# Raw data
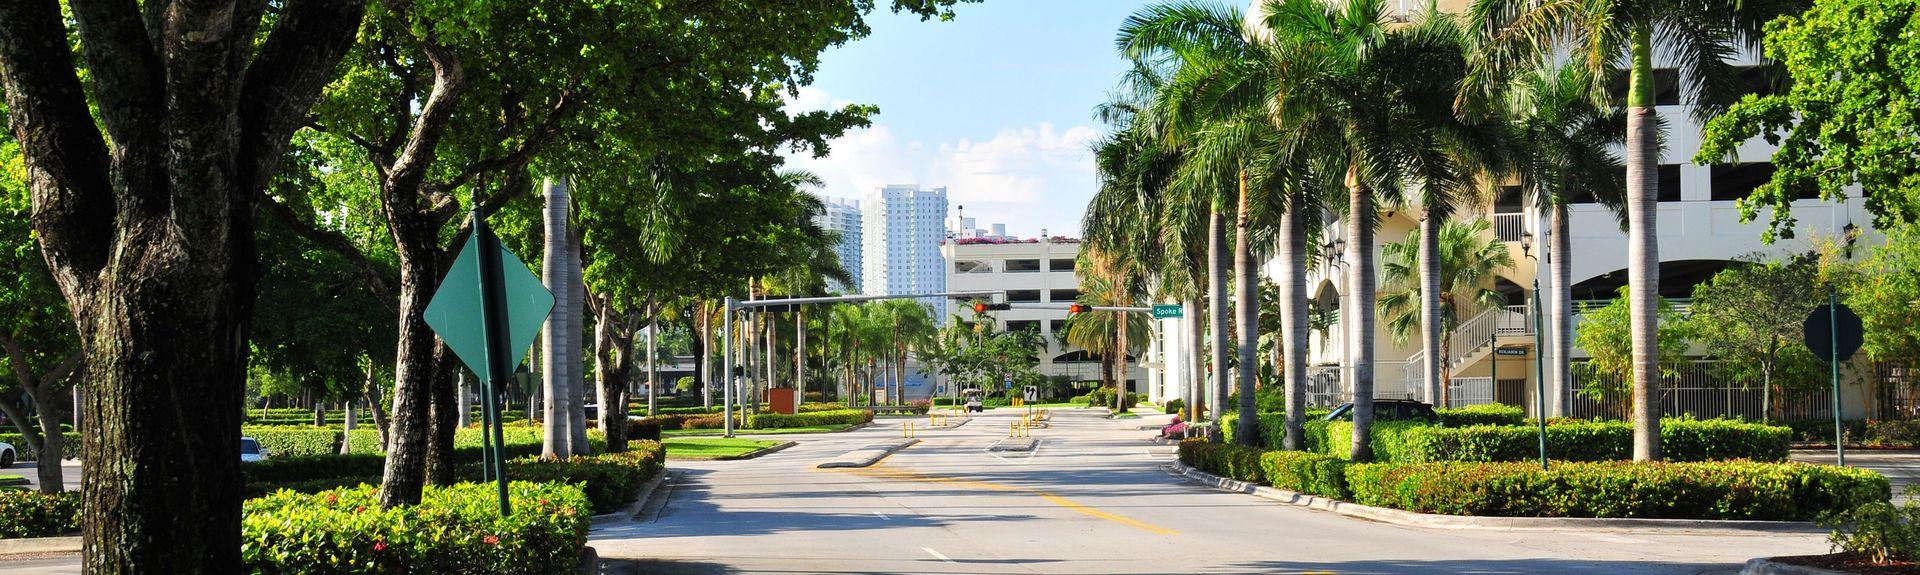 Aventura, Flórida, Estados Unidos
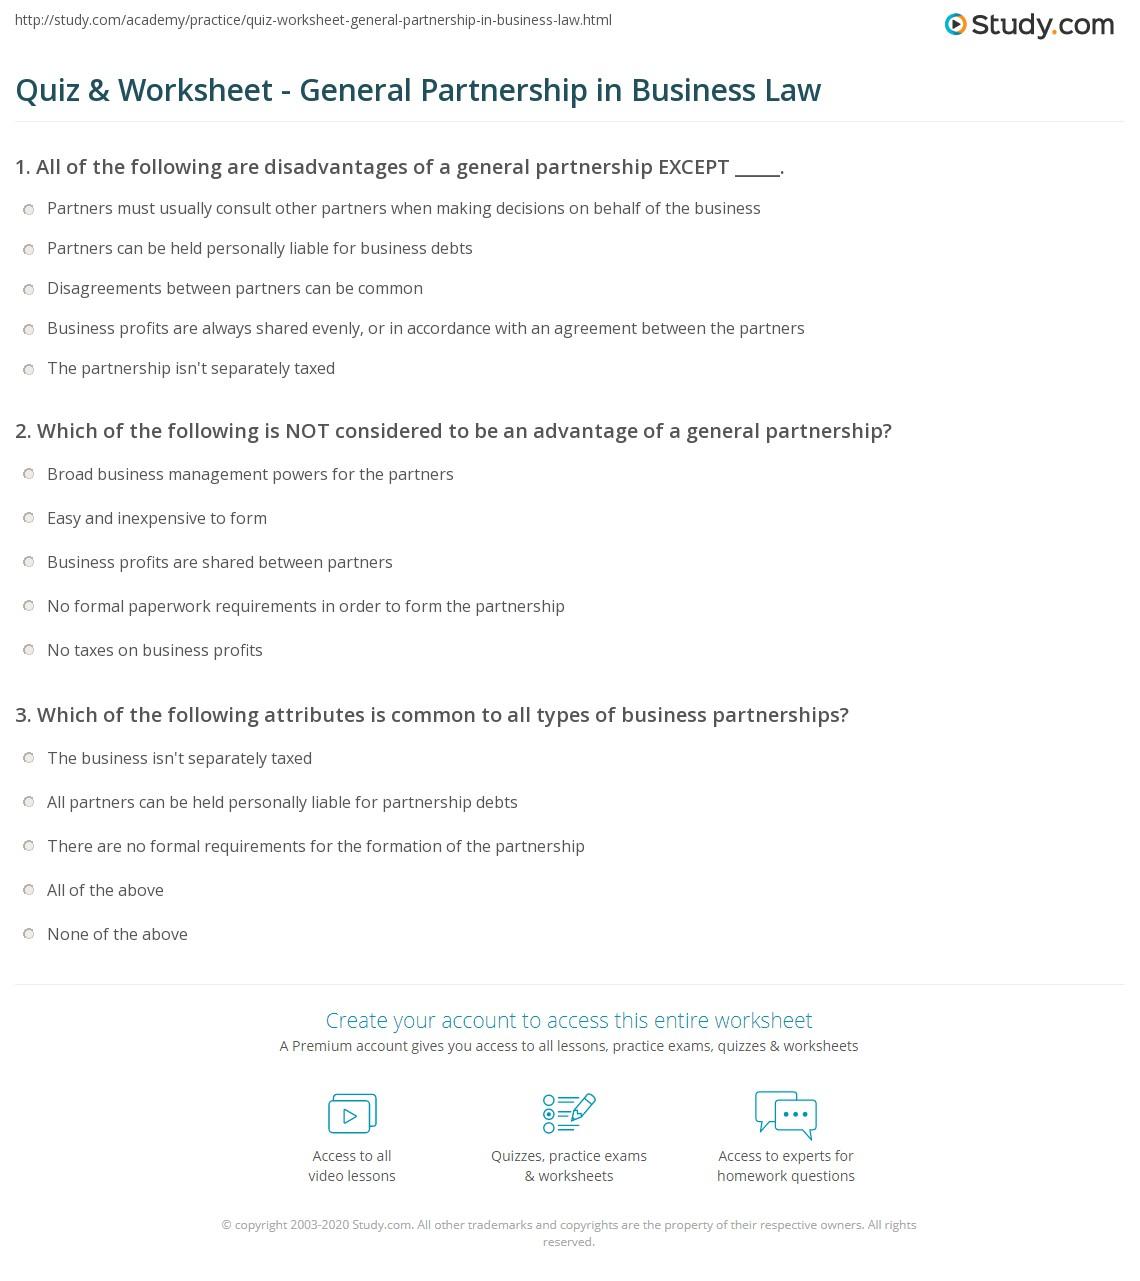 quiz & worksheet - general partnership in business law | study
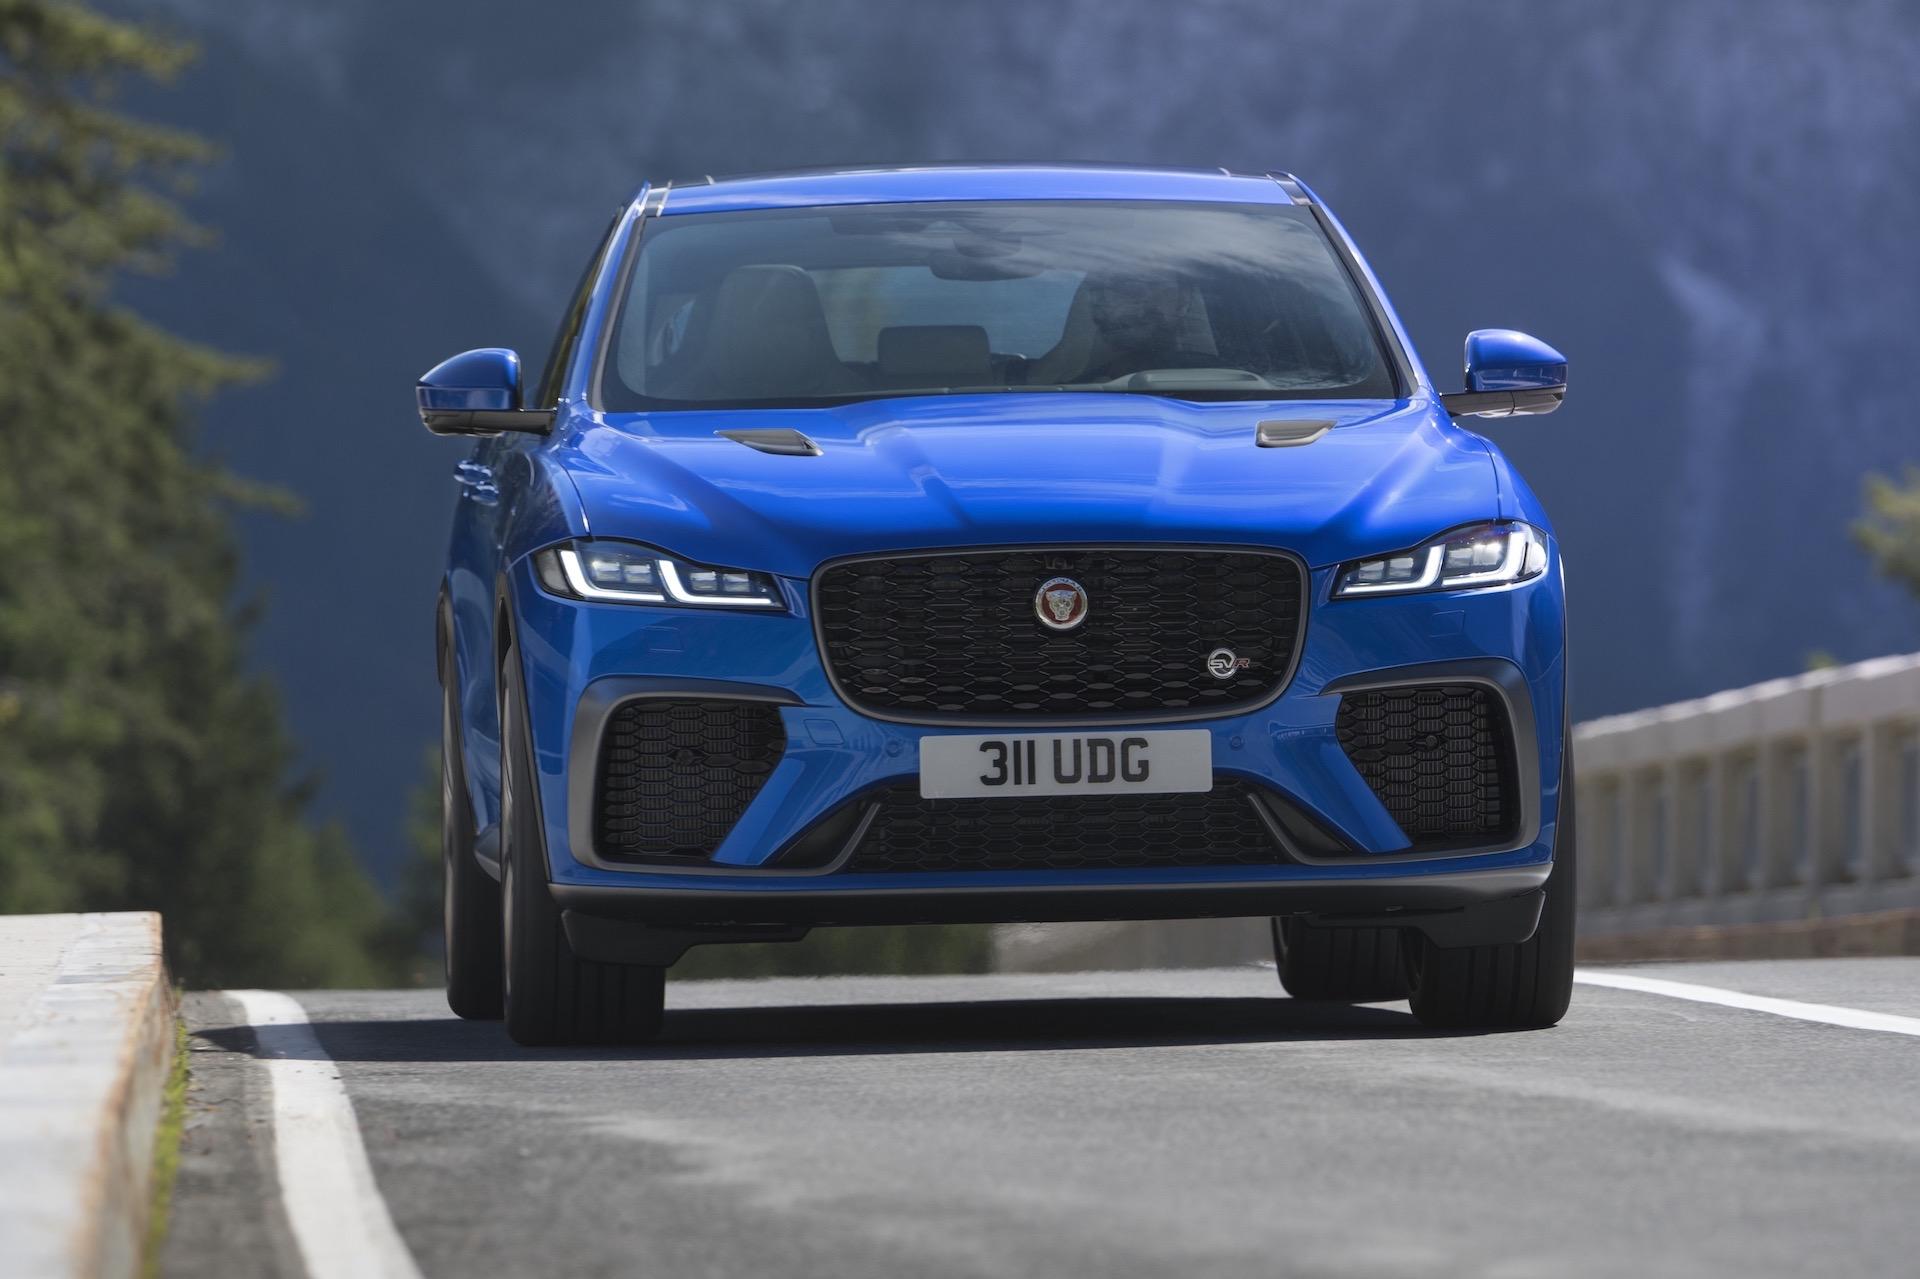 2021 jaguar f-pace svr update announced, arrives in april
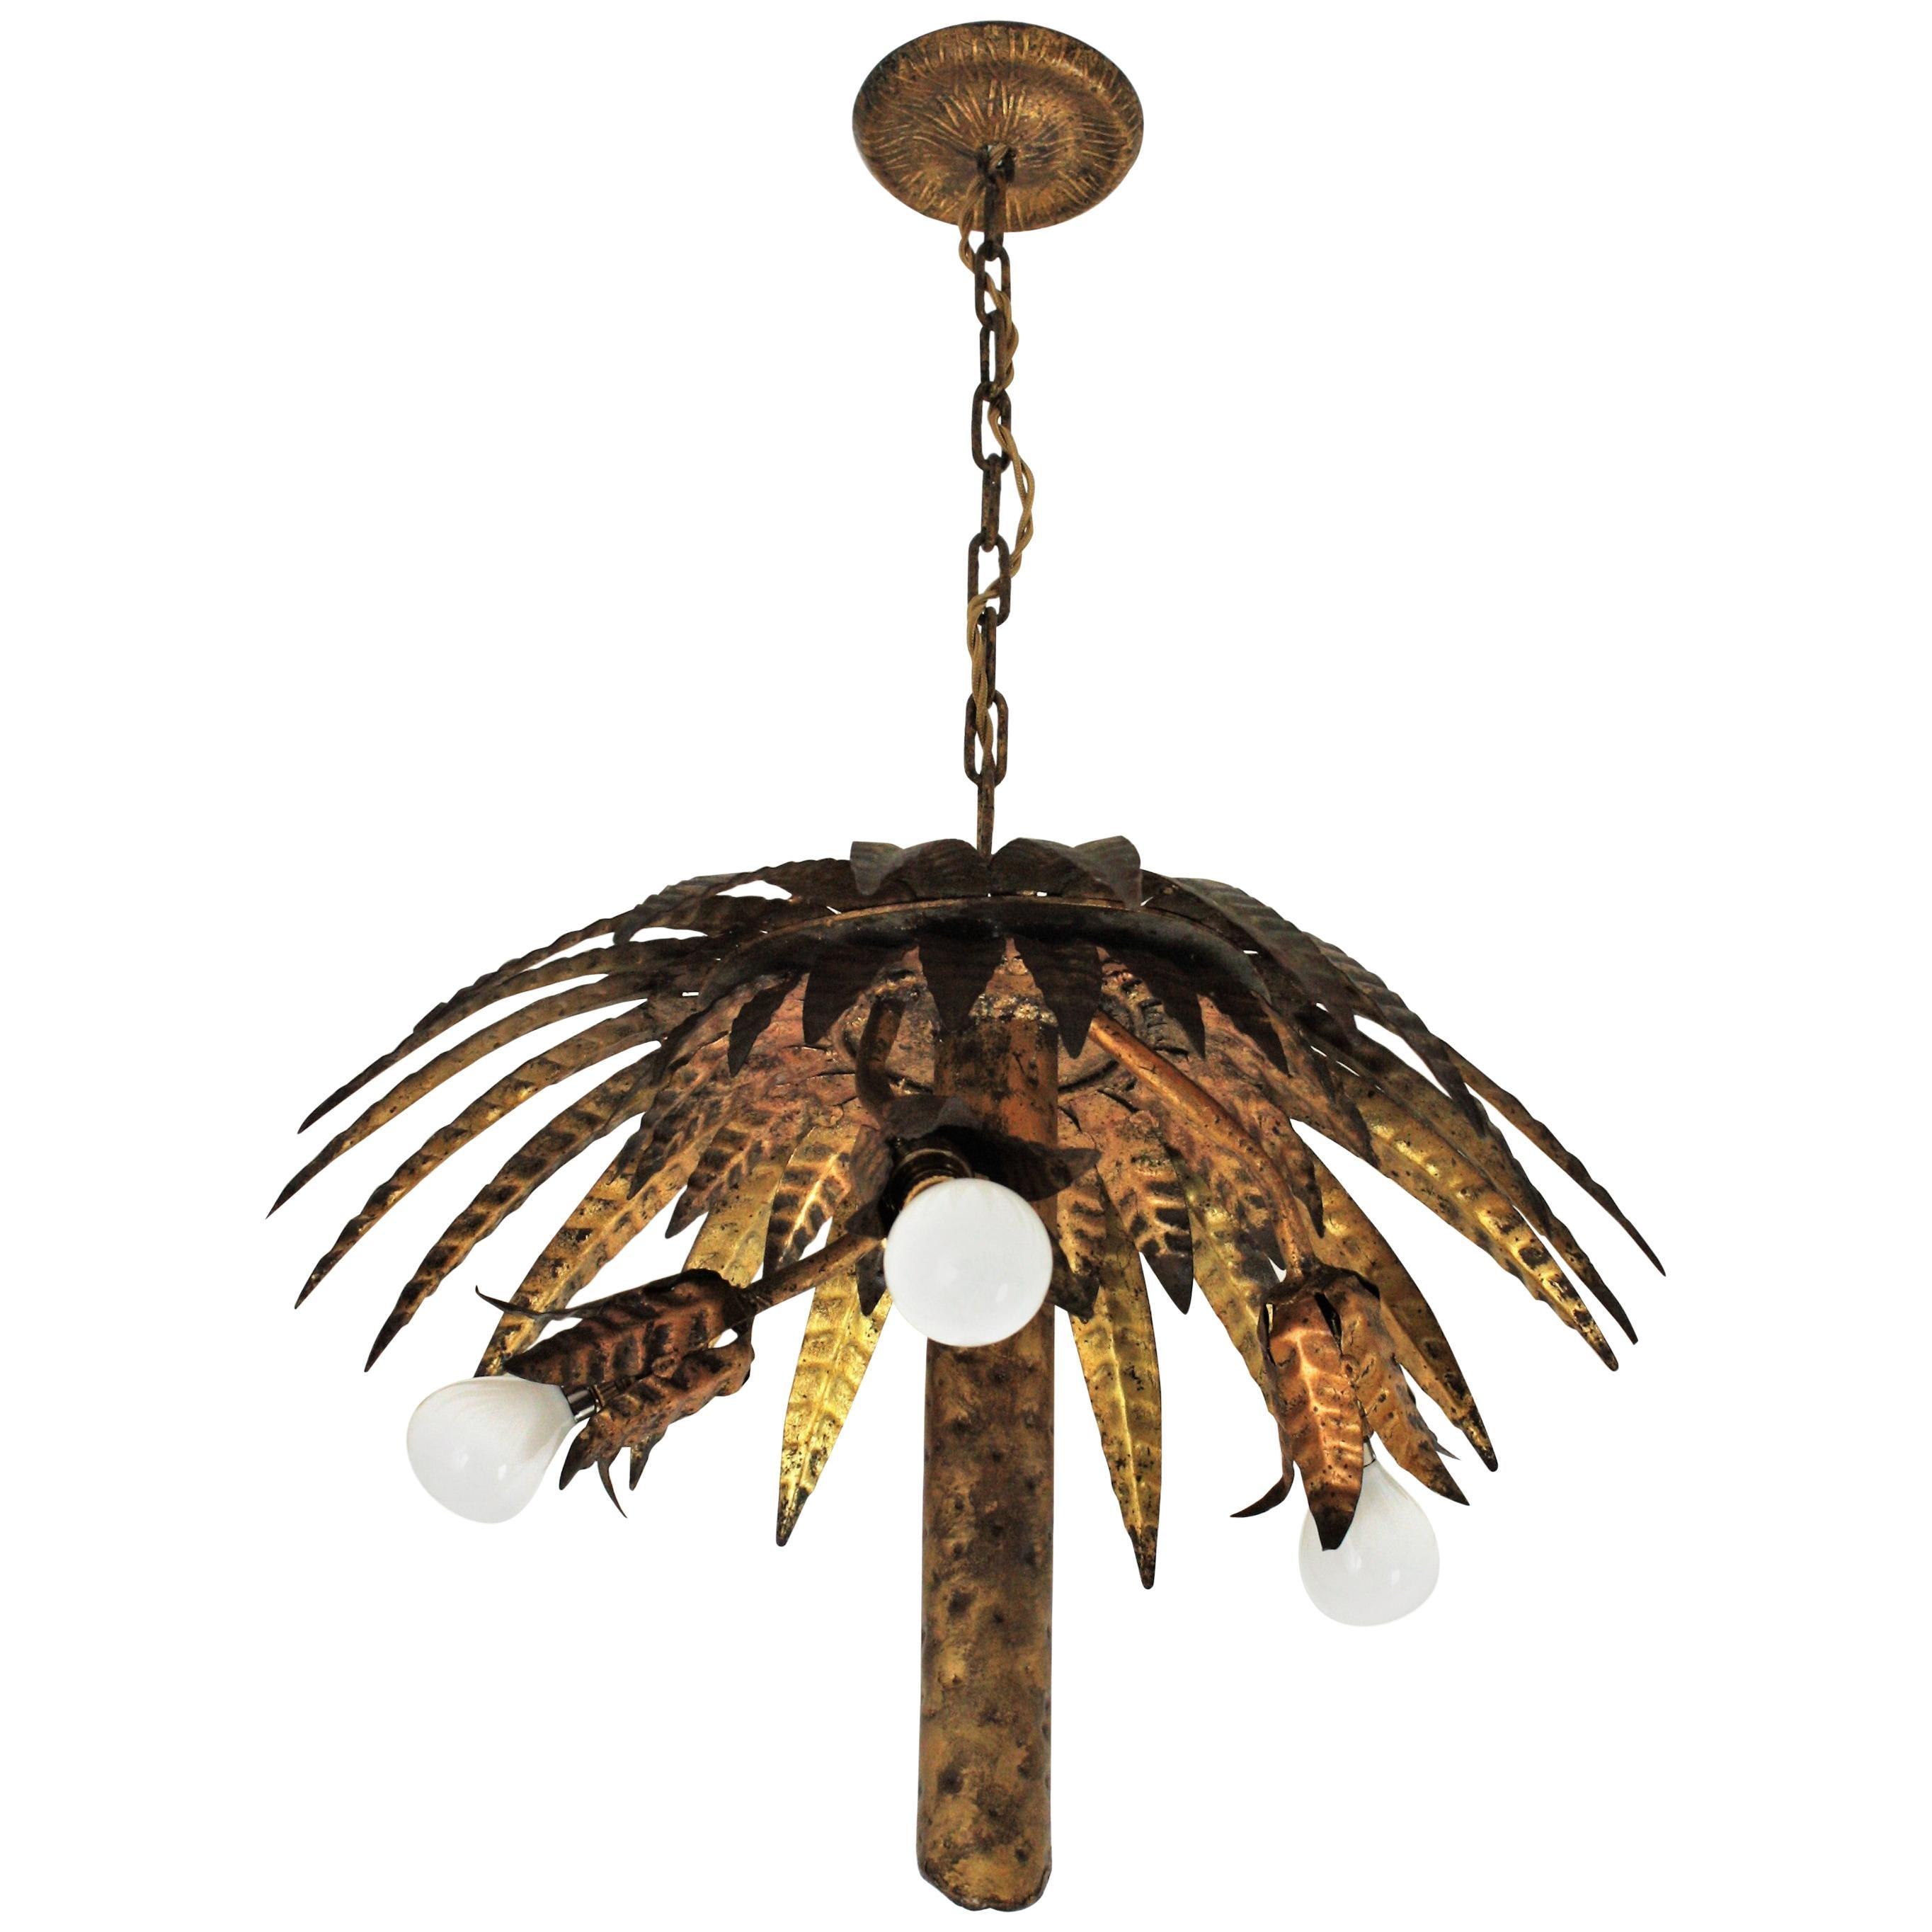 Spanish Gilt Metal Palm Tree Chandelier or Flushmount

# What this task involves
Repeat every line of the data exactly, but do not include pictures.

# Response to this exercise
 Aventura, Flórida, Estados Unidos
 quiz & worksheet - general partnership in business law | study
 2021 jaguar f-pace svr update announced, arrives in april
 Spanish Gilt Metal Palm Tree Chandelier or Flushmount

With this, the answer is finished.